The prediction of the systemic disposition for the optimized metoclopramide transdermal patch was carried out using the TCAT model. The two-compartmental model was selected with the help of the PKPLUS module considering the intravenous administration of 10 mg to simulate the systemic disposition in individuals with an average weight of 70 kg as a comparison parameter53. The pharmacokinetics parameters for the intravenous and oral routes calculated with PKPLUS and reported literature were: clearance = 0.16 L/h/kg, half-life (t1/2) = 6.8 h, and volume of distribution (Vd) = 3.5 L/kg. The model was initially validated by comparing the fold error of 10 mg IV and oral routes. The values of fold error were found to be between 0.5 and 1.5 (see Table 6). After testing different metoclopramide application areas and dosage values, the model integrated pharmacokinetic parameters and TCAT model for the metoclopramide patch (F3) using values of a dose of 10 mg and 20 cm2 as the application surface area. The mean pharmacokinetic parametric values, as shown in Table 6, for the optimized formulation of transdermal patches were calculated as 13.50 ng/mL (Cmax), 6.32 h (Tmax), 185.13 ng/mL×h (AUCt) and 197.85 ng/mL×h (AUCinf). Similarly, the predicted parametric values for a 30 mg patch designed (see Fig. 8) for once-daily dosing are 40.84 ng/mL (Cmax), 6.32 h (Tmax), 561.51 ng/mL×h (AUCt), and 599.61 ng/mL×h (AUCinf).

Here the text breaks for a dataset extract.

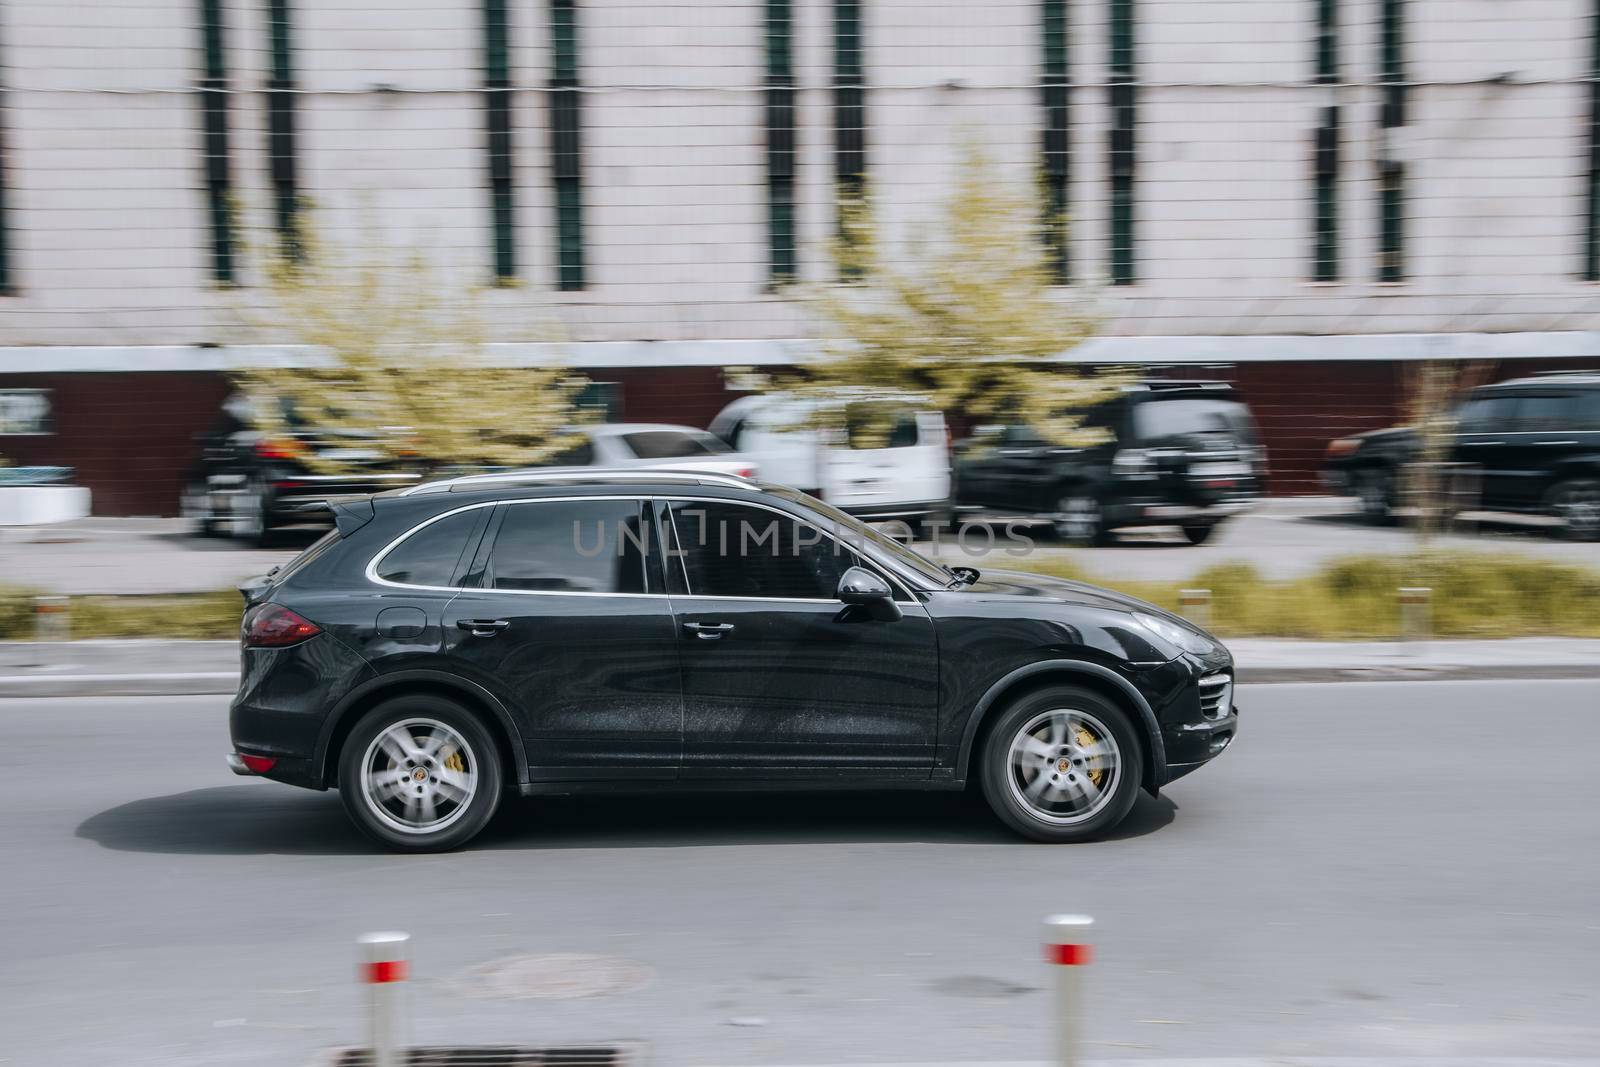 Ukraine, Kyiv - 13 May 2021: Black Porsche Cayenne car moving on the street. Editorial
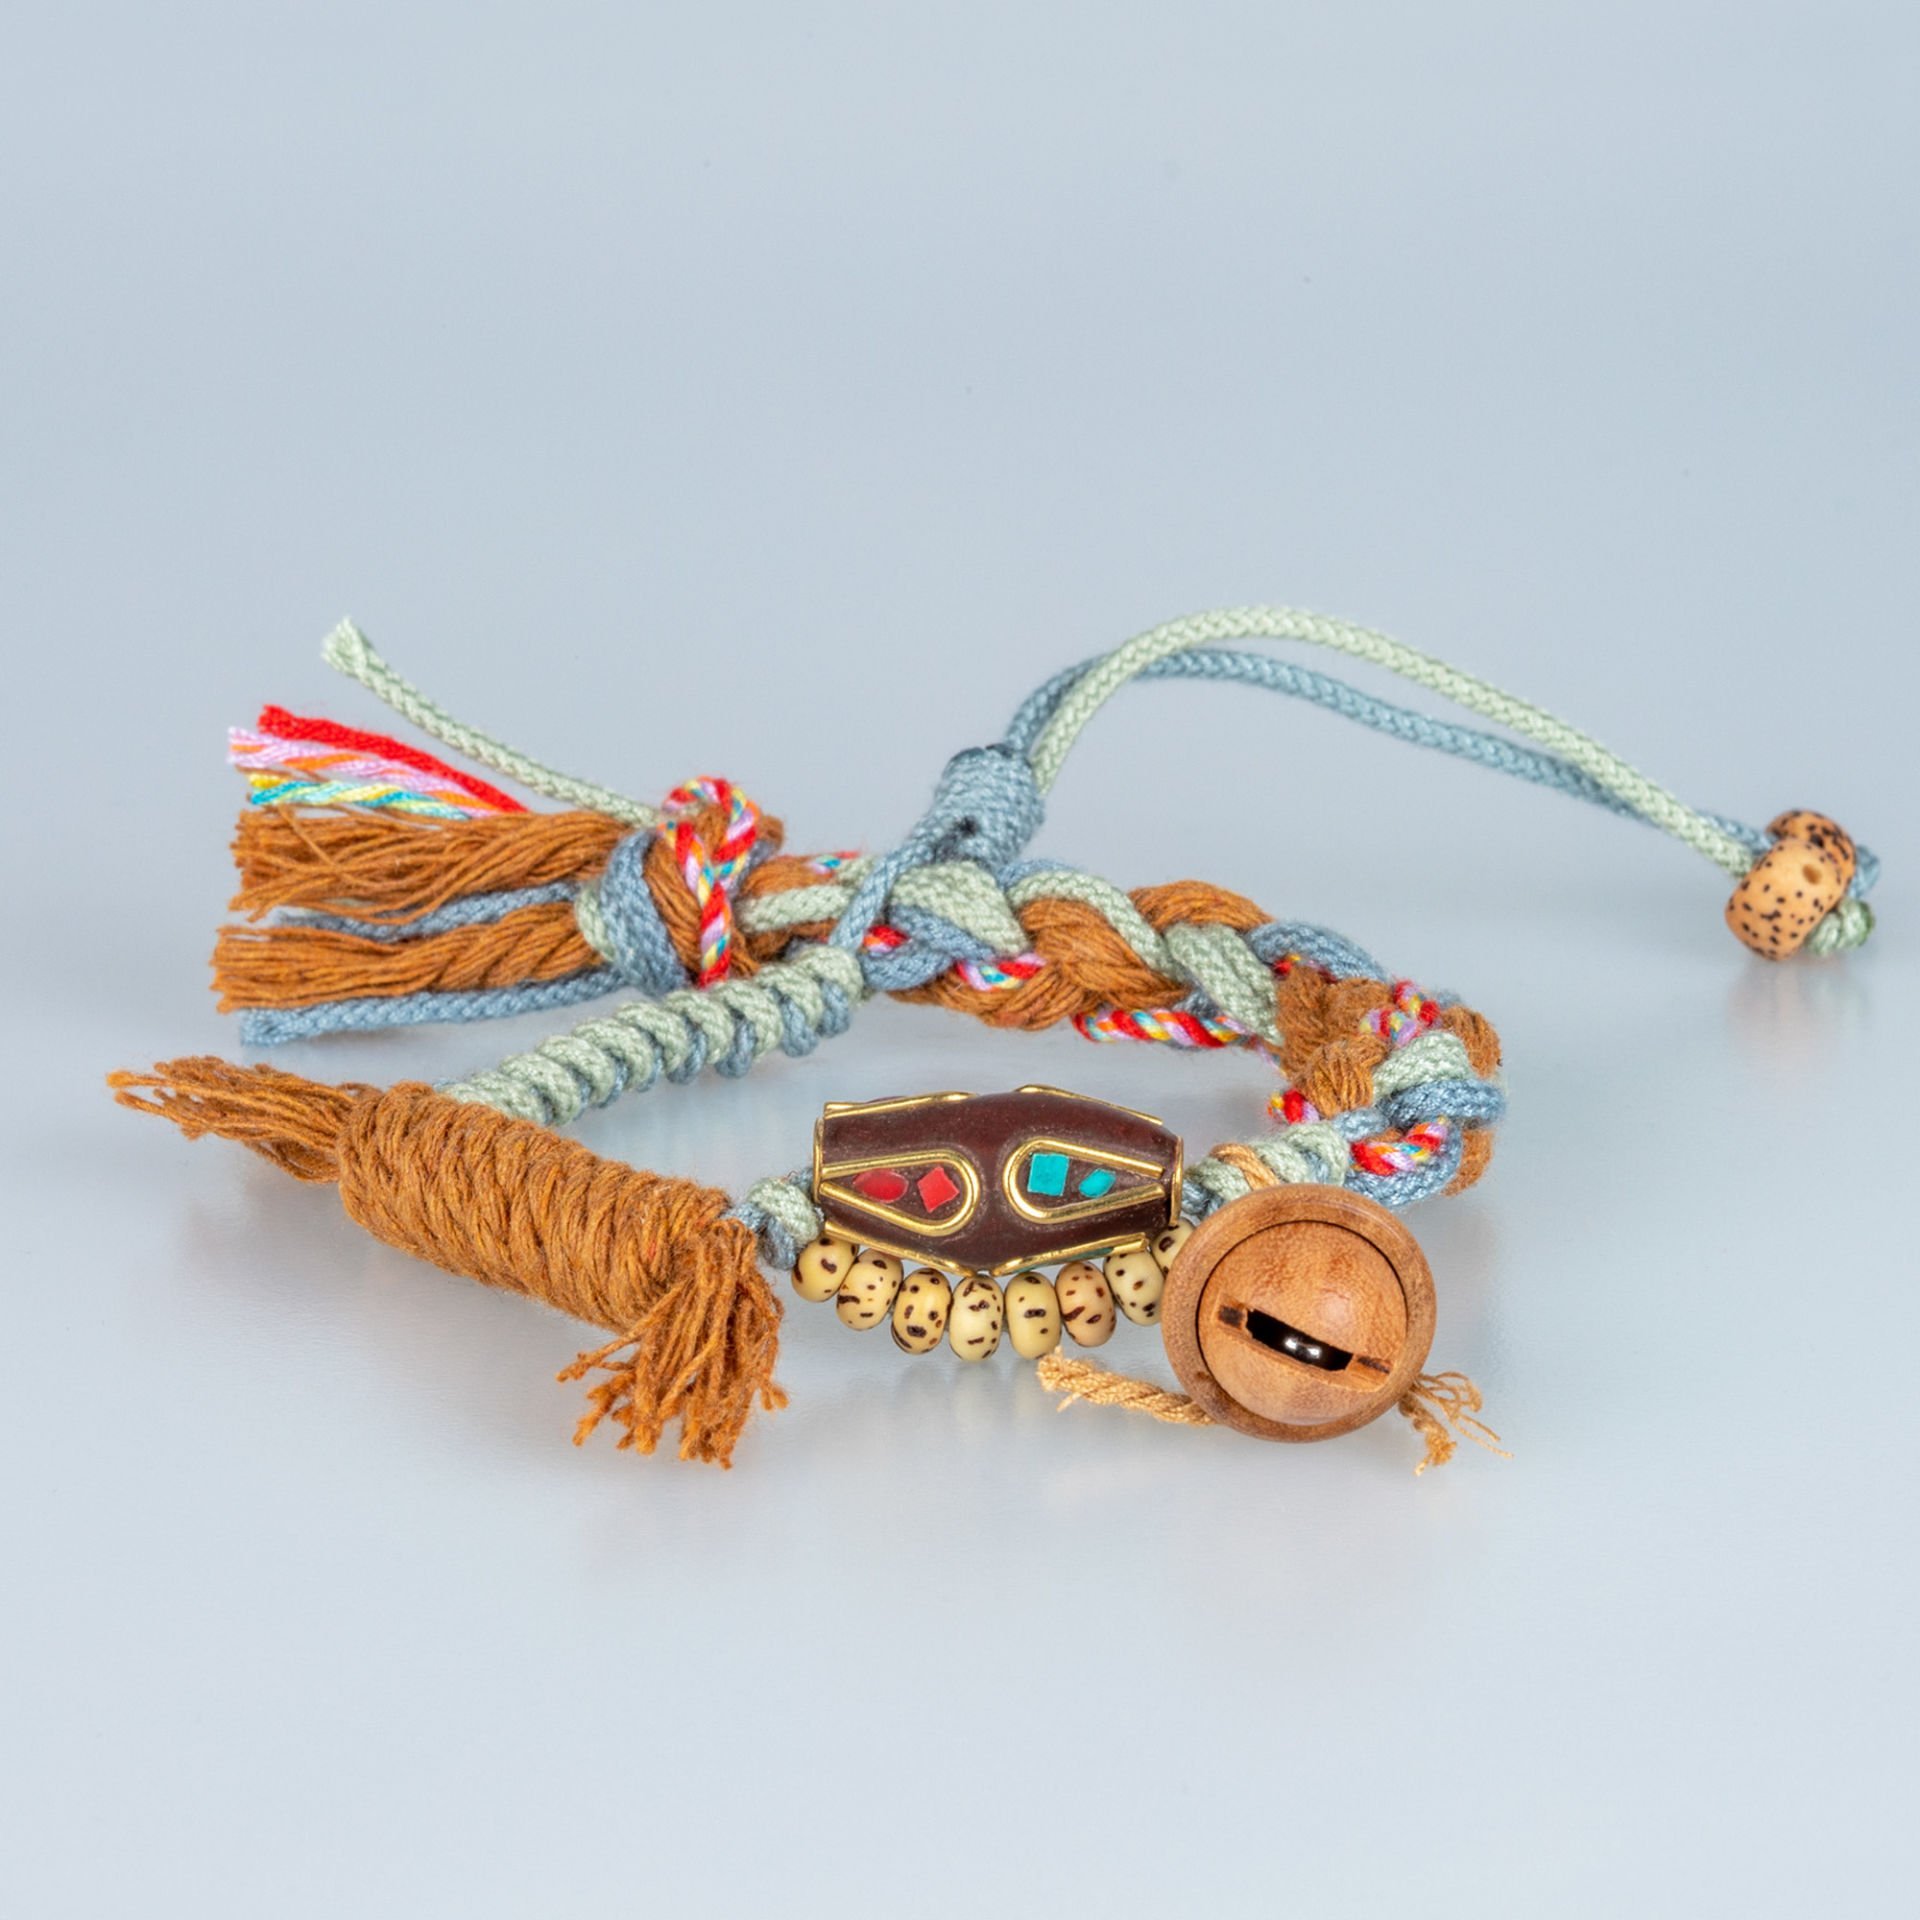 Ethnic Knitted Natural Stone Bracelet

Predicted and observed plasma concentration of metoclopramide for once-daily dosing from (a) an intravenous administration (b) oral administration (c) from a 10 mg of drug patch and (d) from a 30 mg of drug patch.
The stability study of the optimized transdermal patch was carried out in a refrigerator, at room temperature, and in accelerated conditions. The physical characteristics and metoclopramide content were determined at different time intervals, as shown in Table 7. The morphology of the patches was found to be satisfactory, and no significant change was observed in the physical appearance. Similarly, the content of metoclopramide HCl was found to be 98.96 ± 0.90% in the refrigerator, 96.15 ± 1.81% at room temperature, and 95.45 ± 0.89% at accelerated temperature, respectively. Furthermore, the shelf life of metoclopramide HCl patches was calculated as 19.27 months at 5 ± 3 °C, 8.22 months at 25 ± 2 °C and 7.22 months at 40 ± 2 °C (Figure S4).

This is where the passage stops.